Всякий своей похотью влеком и прельщаем, следовательно, и я, как всякий, имею свою похоть, т. е. болею при виде бедности московской; ибо она молчалива и убита, ибо трудно ей спророчить, когда она разбогатеет и хоть сколько-нибудь оживет. Напротив, бедность московских девственных улиц меня радует даже, потому что она рычит и щетинится, когда ей покажется не очень просторно и не очень сытно в ее темных и тесных берлогах, – в каковых движениях жизни я замечаю несомненные признаки того, что бедность эта скоро поправится и разбогатеет, хотя, может быть, и не вдруг, хотя богатства ее будут далеко не те, про которые говорят, что они неисчерпаемы. Ну, да ничего! Нам и это на руку, потому что голодному рту не до горячего, – ему бы только мало-мальски чем-нибудь тепленьким пораспарить свое иссохшее нёбо…
II
В Москве у меня бездна литературных и университетских друзей, которые меня весьма терпят и у которых, следовательно, я удобно мог бы сложить свой страннический посох, но, послав их в душе моей к Богу в рай, я, по прибытии в Москву, направился прямо в девственную улицу, где жил мой старинный друг, старый отставной унтер-офицер, который был кум, т. е. у которого, благодарение Создателю, мне довелось привести «в крещеную веру» троих детей.
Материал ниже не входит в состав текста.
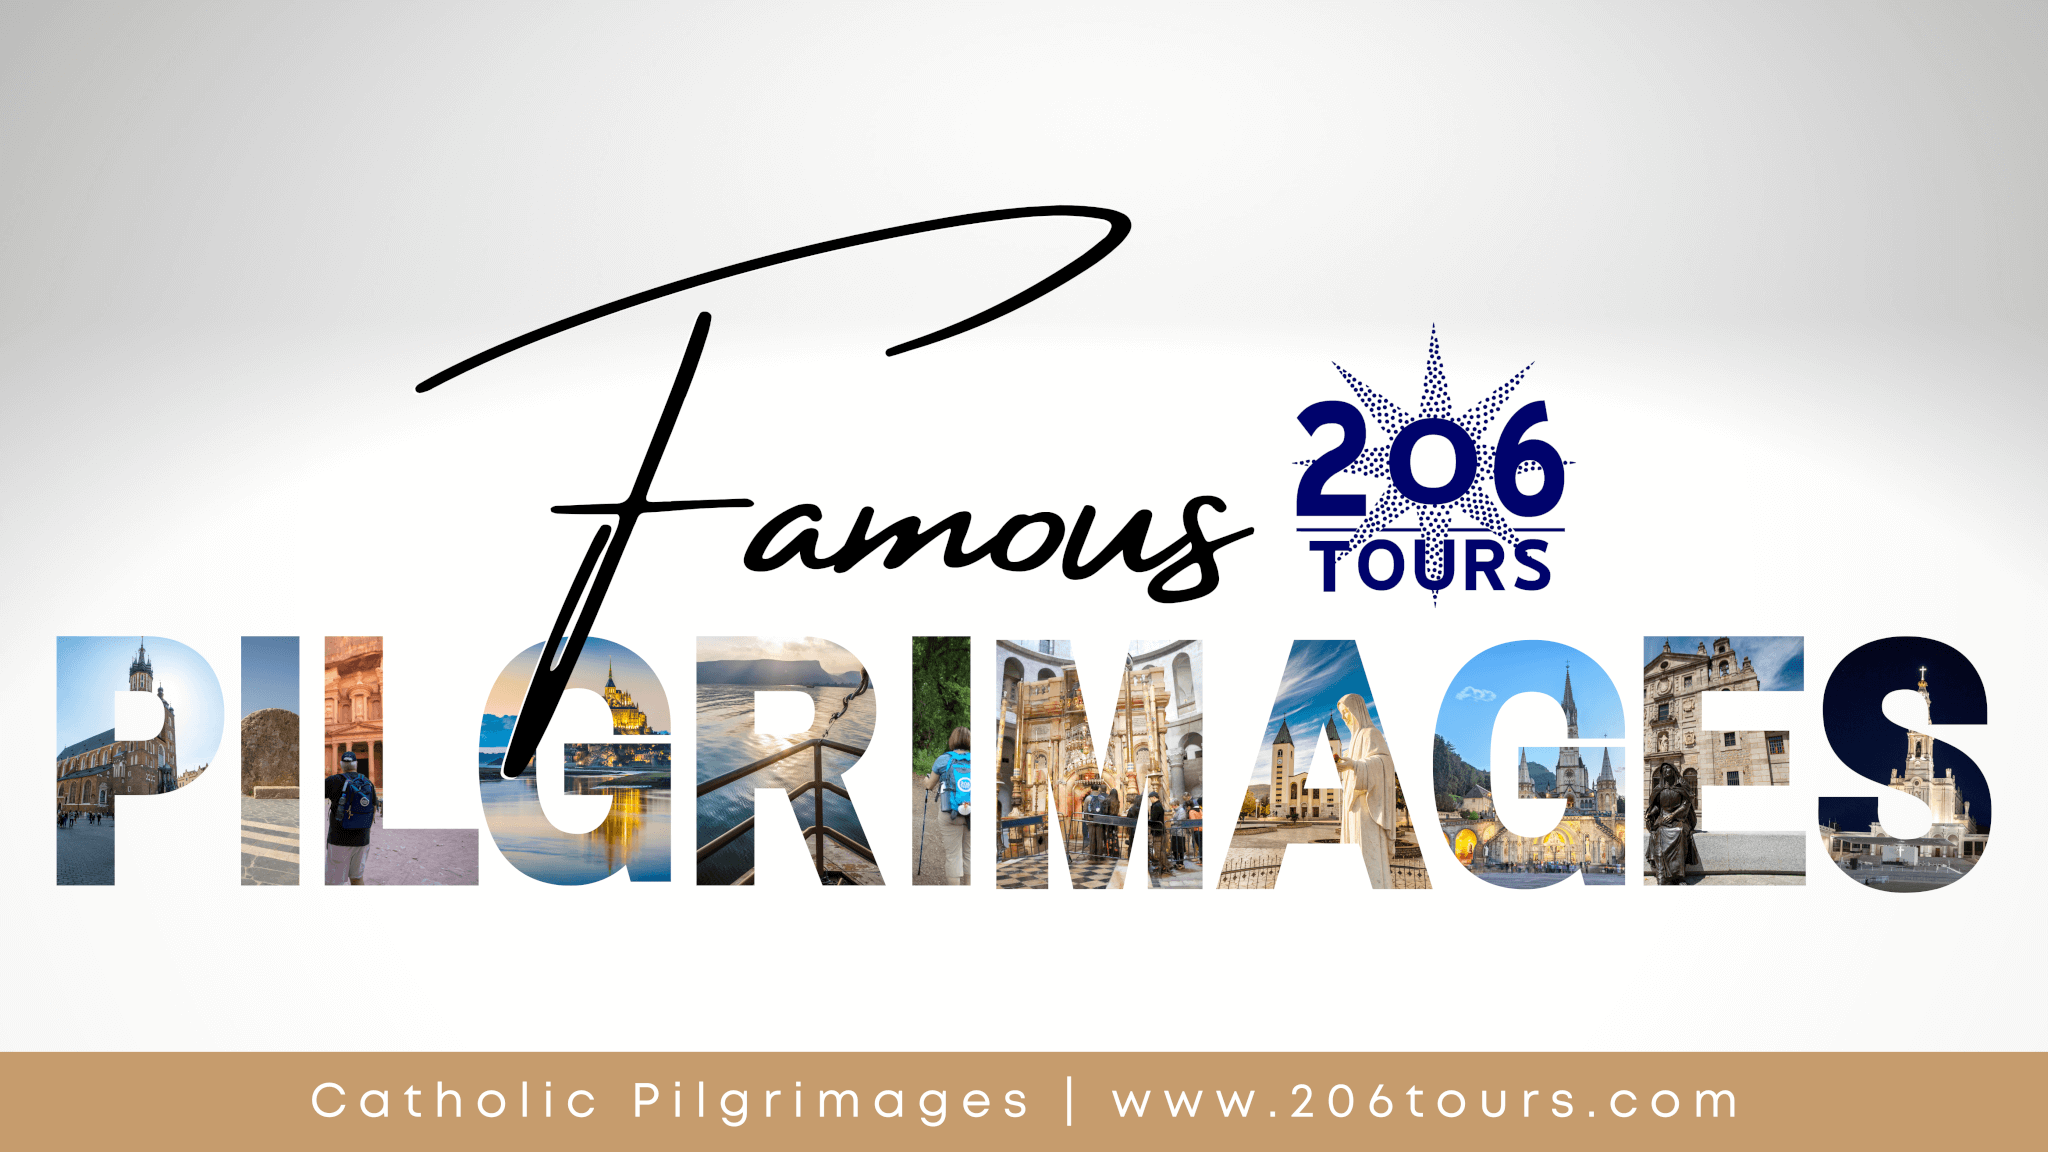 famous-pilgrimages-206-tours

В девственной улице я не заметил никакой перемены. В сравнении с другими столичными улицами она была тиха до мертвенности. Огни, светлевшиеся из окон ее маленьких деревянных домишек, были похожи на деревянные гнилушки, которые так уныло светятся ночью из-под печки деревенской избы. Единственные признаки жизни показывала только единственная харчевня девственной улицы. Из ее тусклых окошек, освещенных каким-то красноватым светом, порой вырывались какие-то неясные звуки, по которым решительно нельзя было определить, поют ли там песни или плачут, – такие это были смешанные звуки. И временем, когда каким-нибудь гостем широко распахивалась харчевенная дверь, сердито и шумно взвизгивая на своих заржавевших петлях, звуки делались слышнее, и тогда человек неопытный, случайно проходящий по девственной улице, непременно бы остановился против заведения и пугливо прислушался к этим звукам, потому что неопытному пешеходу в них бы заслышалось слово: караул, – слово, отчаянно-крикливо вырвавшееся из чьего-то горла, но остановленное на половине своего излета и снова как бы впихнутое в это горло чьим-то лютым кулачищем.